Но Синтия впала в одно из своих диких настроений, когда на нее не действовали никакие разумные доводы.
Следующее утро миссис Гибсон встретила в довольном расположении духа. Она написала и отправила письмо, и следующим своим шагом намеревалась наставить Синтию в благоразумии (как это называла миссис Гибсон), другими словами — постараться уговорить ее быть послушной. Но то были тщетные усилия. Синтия уже получила письмо от мистера Хендерсона до того, как спустилась к завтраку — признание в любви, предложение руки и сердца, настолько недвусмысленное, насколько можно выразить словами; вместе с сообщением о том, что из-за невозможности дождаться почты он собрался последовать за ней в Холлингфорд и прибудет в то же самое время, что и она сама предыдущим днем.
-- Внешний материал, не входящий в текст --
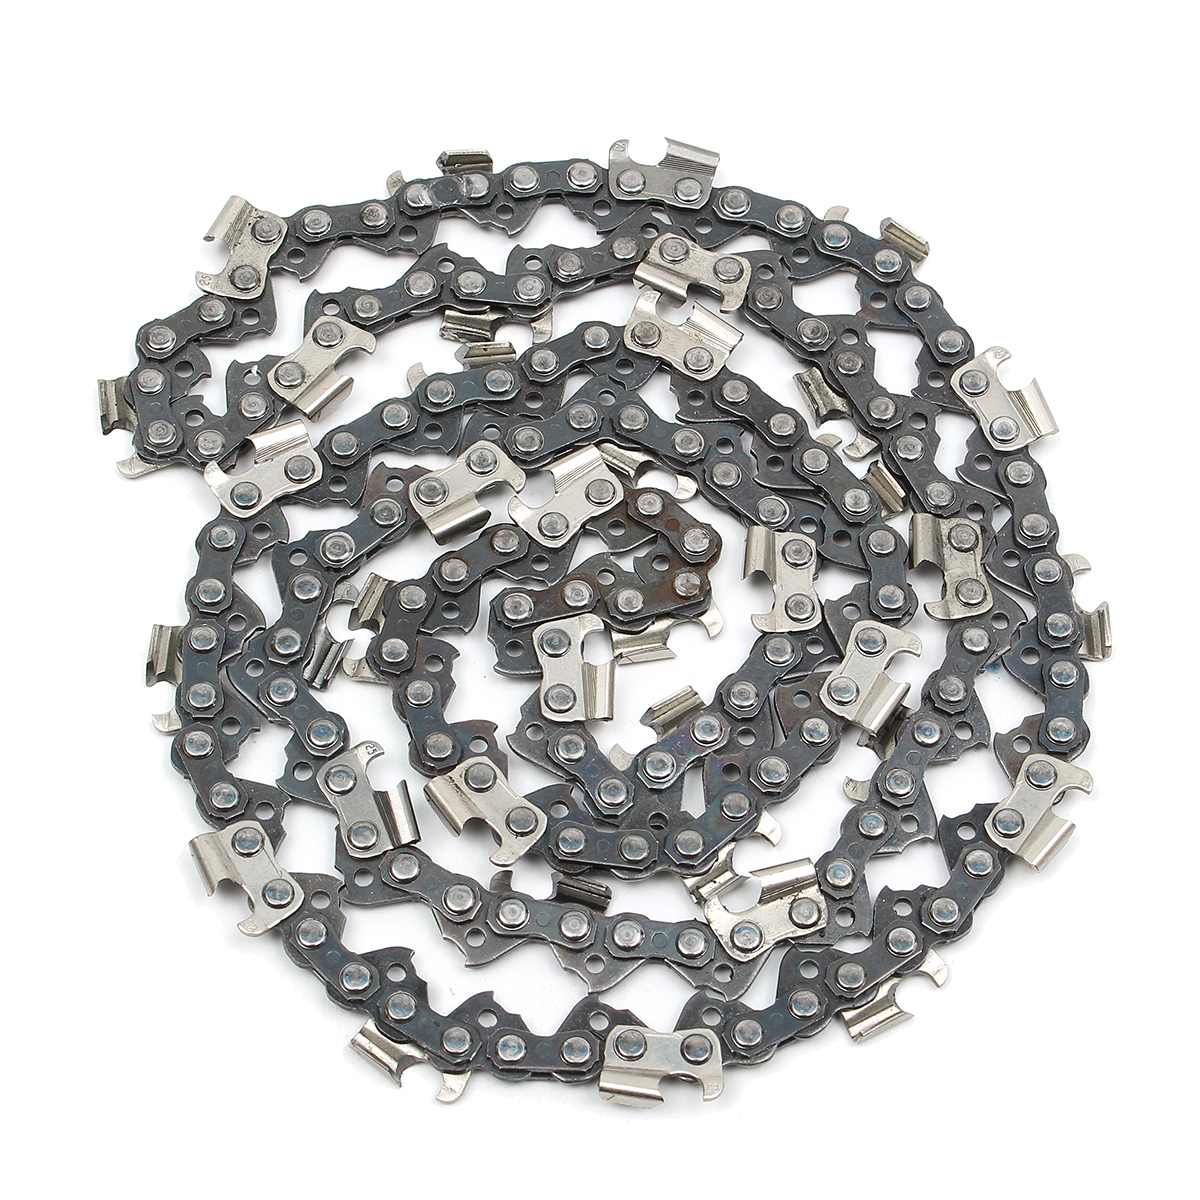 2pcs 20 Inch 76 Drive Link Chainsaw Saw Chain Blade Wood Cutting Chainsaw Parts Chainsaw Saw Mill Chain For Cutting Lumbers

Синтия никому ничего не сказала об этом письме. Она поздно спустилась к завтраку, после того, как мистер и миссис Гибсон покончили с трапезой, но ее непунктуальность объяснялась тем, что она путешествовала всю прошлую ночь. Молли еще недостаточно окрепла, чтобы подняться так рано. Синтия почти не разговаривала и не притронулась к еде. Мистер Гибсон отправился по своим дневным делам, и Синтия осталась наедине с матерью.